26.set.07/Nicole Nodland/Efe
Stacey Kent é considerada uma das melhores vocalistas de jazz da atualidade
Stacey Kent é considerada uma das melhores vocalistas de jazz da atualidade

É comum ouvir declarações semelhantes de artistas prestes a se apresentar no país, mas, no caso dessa norte-americana radicada na Inglaterra, tudo indica que não se trata de simpatia planejada.

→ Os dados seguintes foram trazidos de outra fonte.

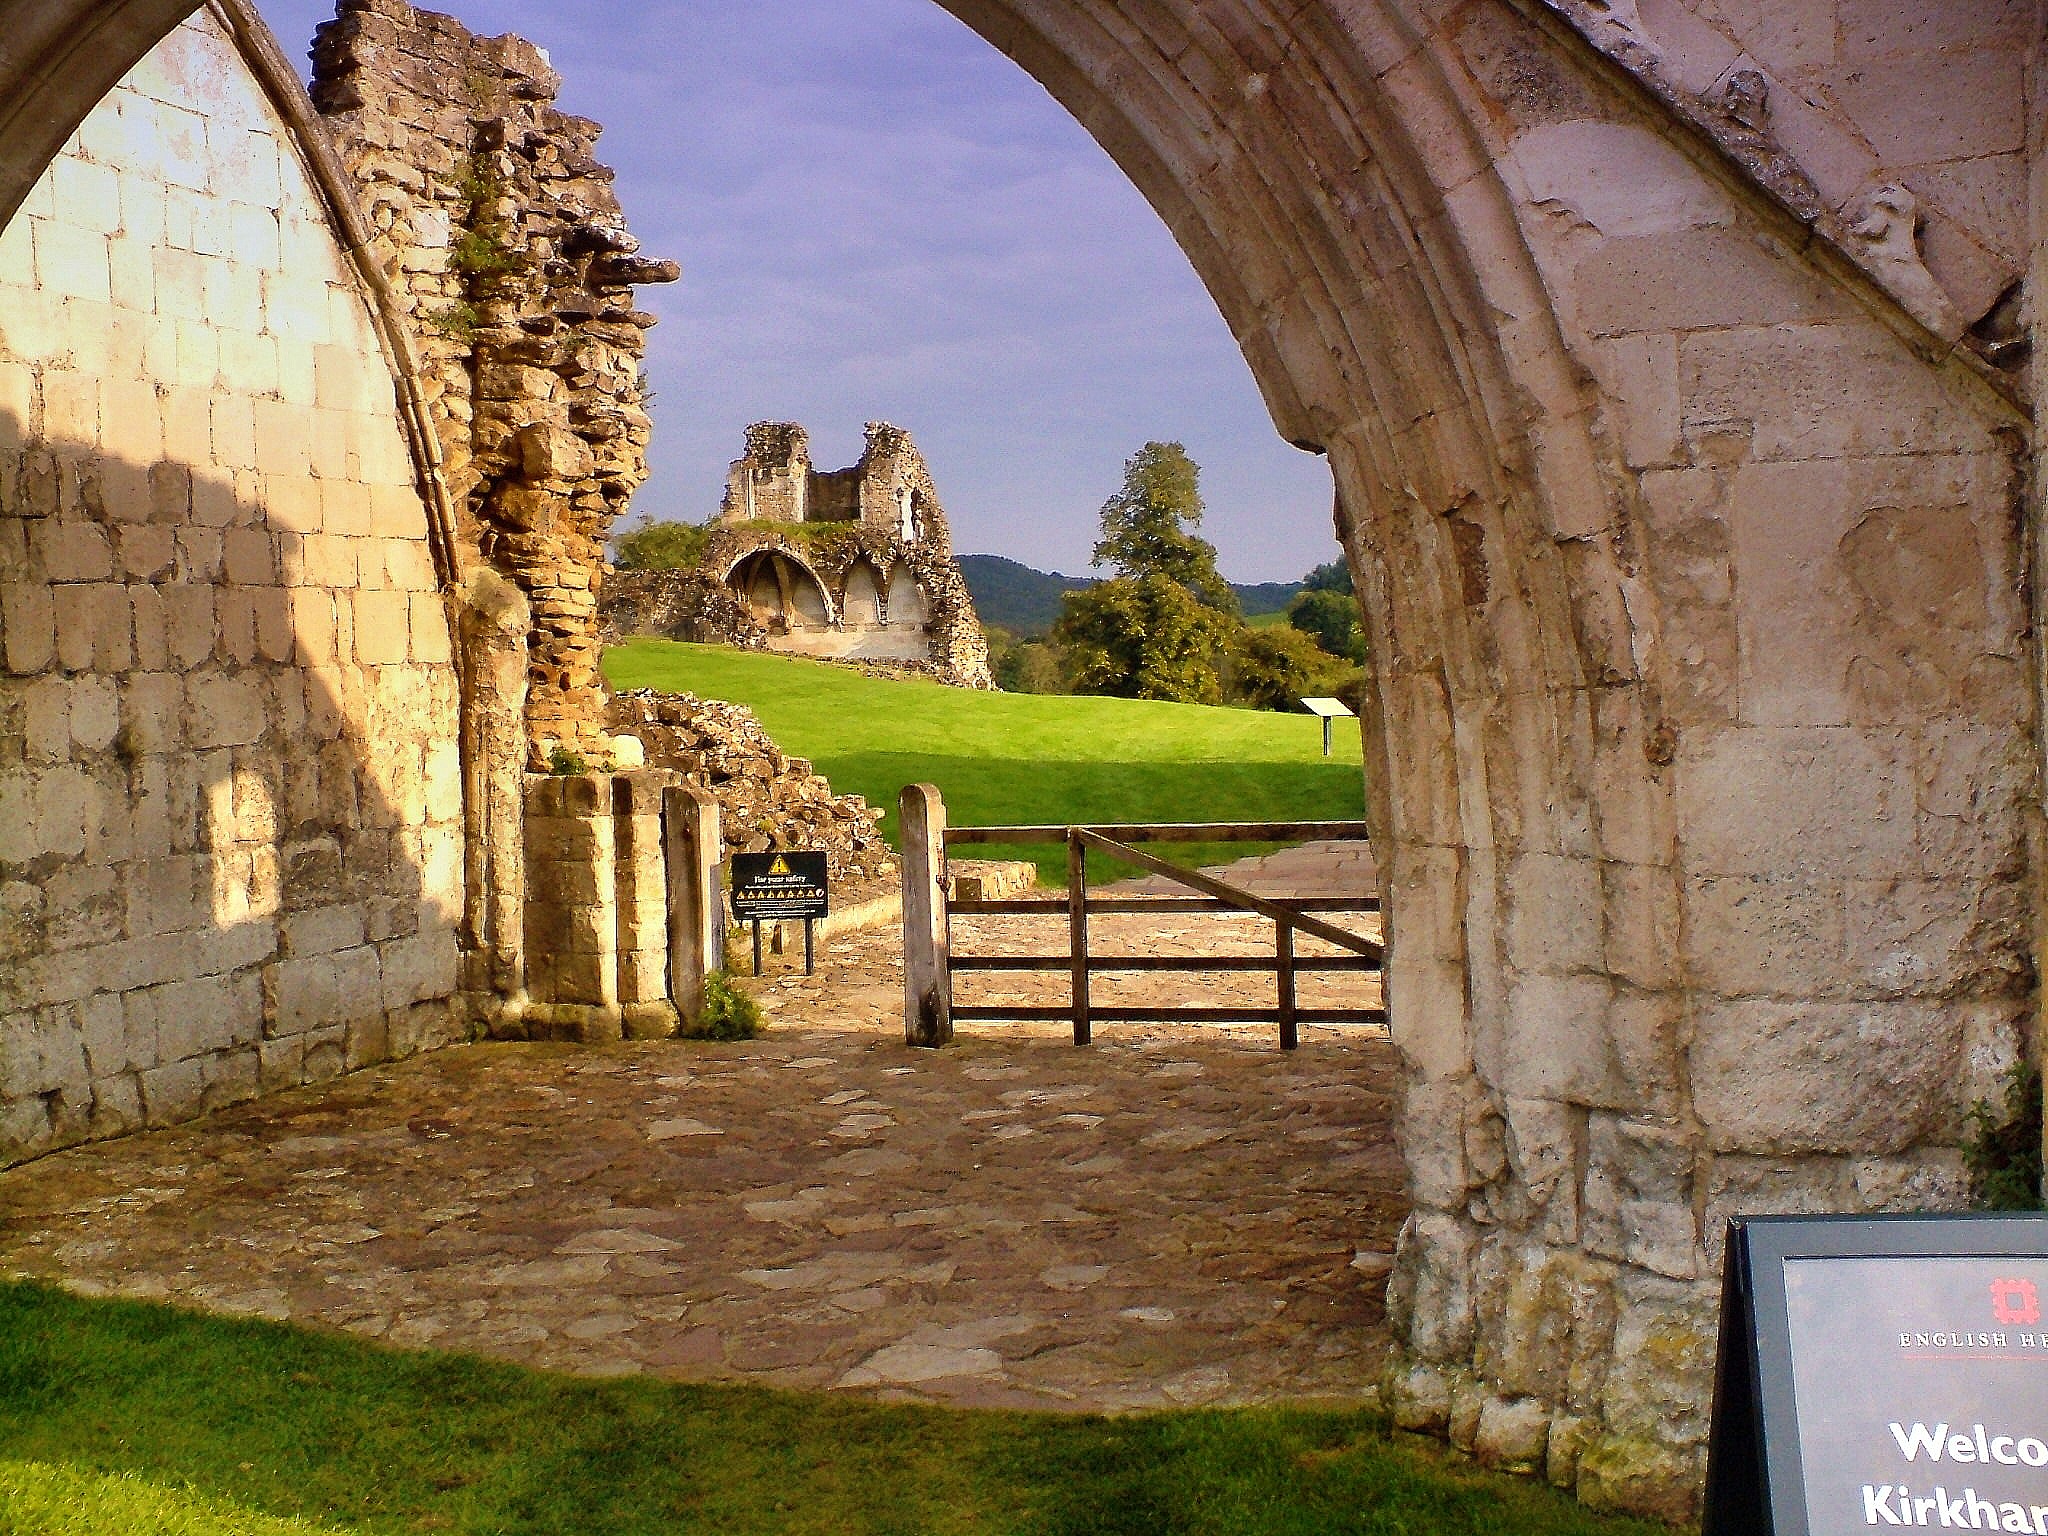 Kirkham abbey photo

Duas provas da sinceridade estão em seu CD mais recente, "Breakfast on the Morning Tram" (lançado aqui pela EMI): suas gravações de "So Many Stars" (de Sergio Mendes) e do "Samba da Bênção" (Baden Powell e Vinicius de Moraes), este em francês.

"O que eu mais adoro nos compositores e cantores do Brasil é essa maneira delicada de abordar a música, um jeito muito simples de se expressar, que é sempre direto e transmite uma grande alegria de viver", diz a cantora, afirmando que se sente "muito próxima da música brasileira, tanto em termos pessoais como artísticos".

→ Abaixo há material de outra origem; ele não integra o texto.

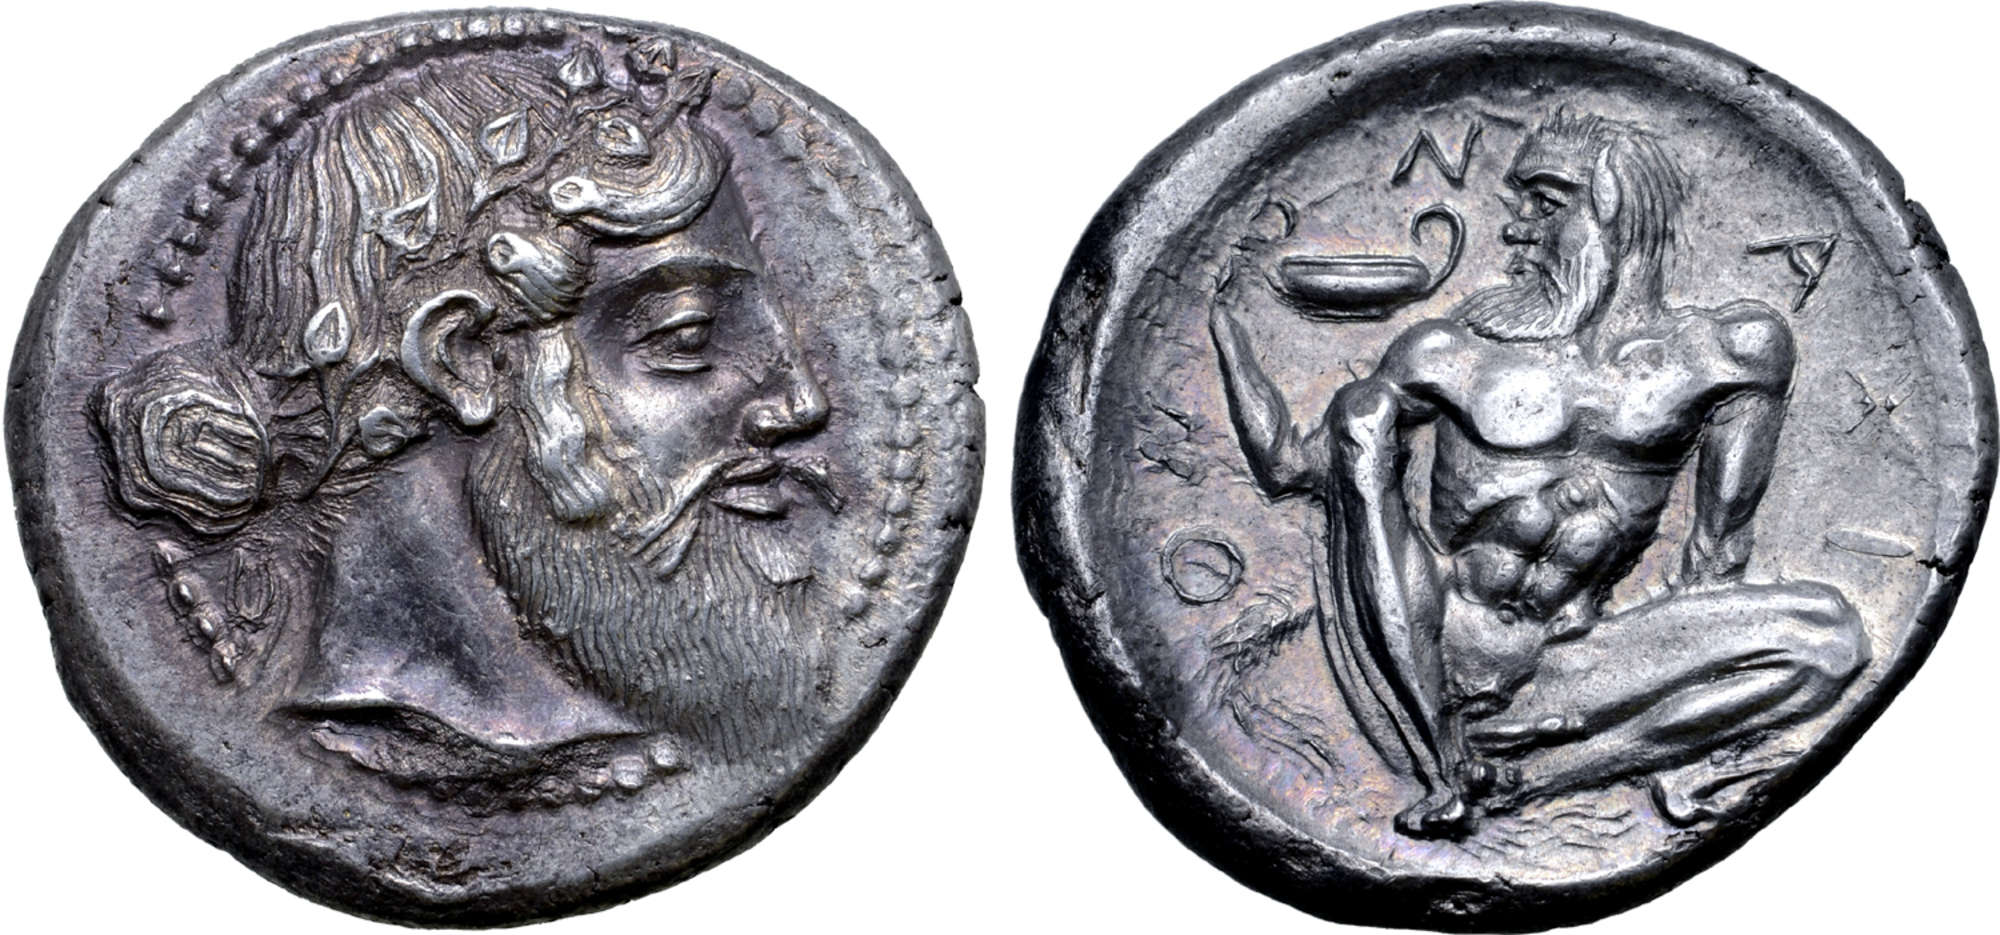 Το ασημένιο νόμισμα της Σικελικής Νάξου με τον Διόνυσο και τον Σειληνό

Por isso, revela que até já se inscreveu em um curso de língua portuguesa, que começa em breve. "Gosto tanto da música brasileira que me parece loucura não falar português. Sei que posso cantá-la, mas você não pode interpretar poesia sem entender a língua. Adoraria cantar em português, mas não vou fazer isso enquanto não dominar a língua."

Formada em literatura comparada, Stacey estudou francês, alemão e italiano antes de deixar os EUA, nos anos 90. "Eu tinha o desejo de viajar, de me comunicar em outras línguas", diz. Mesmo tendo convivido com música desde cedo, não pensava em ser cantora até conhecer o saxofonista inglês Jim Tomlinson, que se tornou seu marido e parceiro musical.

Protagonista das canções

O elogiado "Close Your Eyes" (1997) foi o primeiro dos oito álbuns gravados por Stacey, que participou de três CDs de Tomlinson. Desde o início, seu repertório se concentrou em clássicos da canção norte-americana, assinados por autores de alto quilate, como Cole Porter, Irving Berlin, Richard Rogers e os irmãos Gershwin.

Já a compararam à veterana cantora Blosson Dearie, mas a semelhança não vai além do timbre agudo. O que chama atenção no estilo de Stacey é sua maneira delicada de cantar, como se conversasse consigo mesma. Como uma atriz que assume o papel de protagonista das canções, é uma ótima contadora de histórias.

"Para mim, a poesia vem sempre em primeiro lugar. Claro que a melodia e a levada são muito importantes numa canção, mas sou apaixonada por histórias. Procuro belas imagens, boas metáforas e histórias das quais eu me sinta próxima."

Stacey diz não se preocupar com o fato de o hip hop ou a música eletrônica serem hegemônicos na cena atual. Como fez em seu mais novo CD, continuará cantando clássicos da canção americana, sucessos da música brasileira ou as composições de seu marido com o escritor japonês Kazuo Ishiguro.

"Canto para pessoas que gostam de música acústica, que adoram canções românticas e apreciam essa atmosfera de intimidade que oferecemos. Acho que existem platéias desse tipo em qualquer lugar do mundo."